Economic historians divide the history of living standards into two eras, which could be named for the Flintstones and the Jetsons. The Flintstones era runs from the beginning of time through the Stone, Bronze, and Iron ages and up to about 1800. The Jetsons era begins with the dawn of the Industrial Revolution and culminates in a utopian future in which˜Jane, stop this crazy thing!˜machines do everything.

The Jetsons era trounces the Flintstones era in terms of leaps forward in global quality of life. According to some rough estimates, world living standards grew less than 50 percent over the last two Flintstones millennia (from A.D. 1 until the Industrial Revolution). By contrast, they grew a whopping 1,000 to 2,000 percent in the 19th and 20th centuries of the Jetsons era. In light of the importance of this relatively recent past, it would be pretty surprising if the living standards of our prehistoric forbears exerted a lasting influence. But according to a new study, they do.

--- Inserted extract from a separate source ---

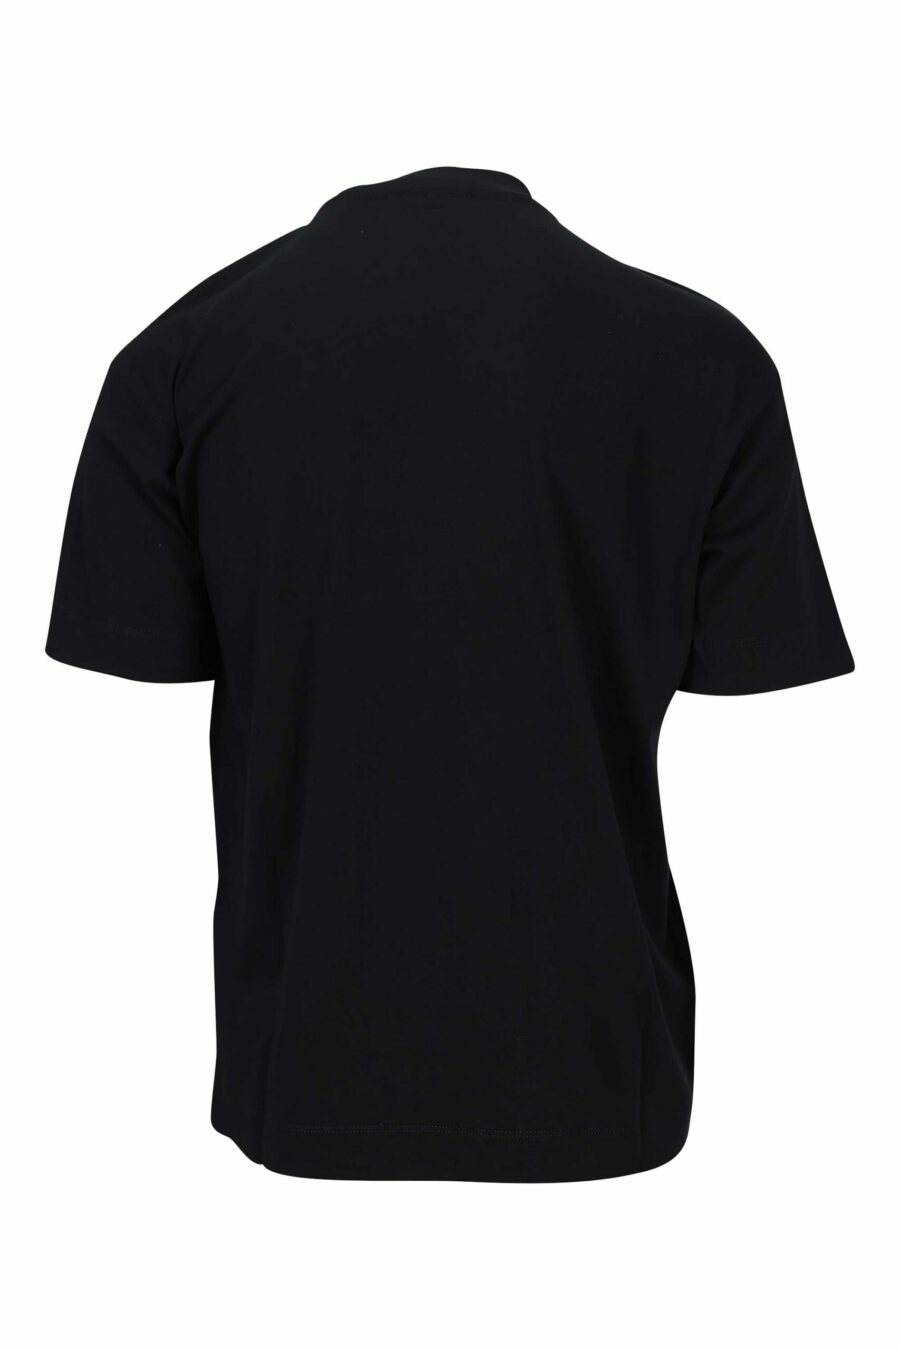 T-shirt noir avec maxilogo aigle monochrome - 8057970432920 1 scaled

In"Was the Wealth of Nations Determined in 1000 B.C.?", Diego Comin and William Easterly of New York University and Erick Gong of Berkeley ask, specifically, whether a culture's adoption of technology in A.D. 1, 1000 B.C., and 2000 B.C. can account for contemporary standards of living. The authors focus on five areas: communications, agriculture, military, industry, and transportation. Particularly for the earlier periods, records are often scarce or nonexistent. This is the prehistoric period, after all. So, how do the authors know which nations and cultures adopted which tools?

For the year 1000 B.C., they rely on the decades of archaeology and anthropological research that culminated in Peter Peregrine's 2003 Atlas of Cultural Evolution. The work describes the characteristics of 289 prehistoric cultures, many of which can be geographically associated with today's nations. Societies existing in 1000 B.C. had a large range of technologies even if none, I'm sad to say, had cars powered" courtesy of Fred's two feet." The atlas tracks whether a given culture had written records, nonwritten records, or no records and whether agriculture was its primary food source, its secondary source, or neither. And the atlas charts technological specialization (metalwork, pottery, or none), and form of land transportation (vehicles, pack animals, or human only). The authors infer a culture's level of military sophistication based on whether it used bronze and iron, materials that produced weapons superior to stone....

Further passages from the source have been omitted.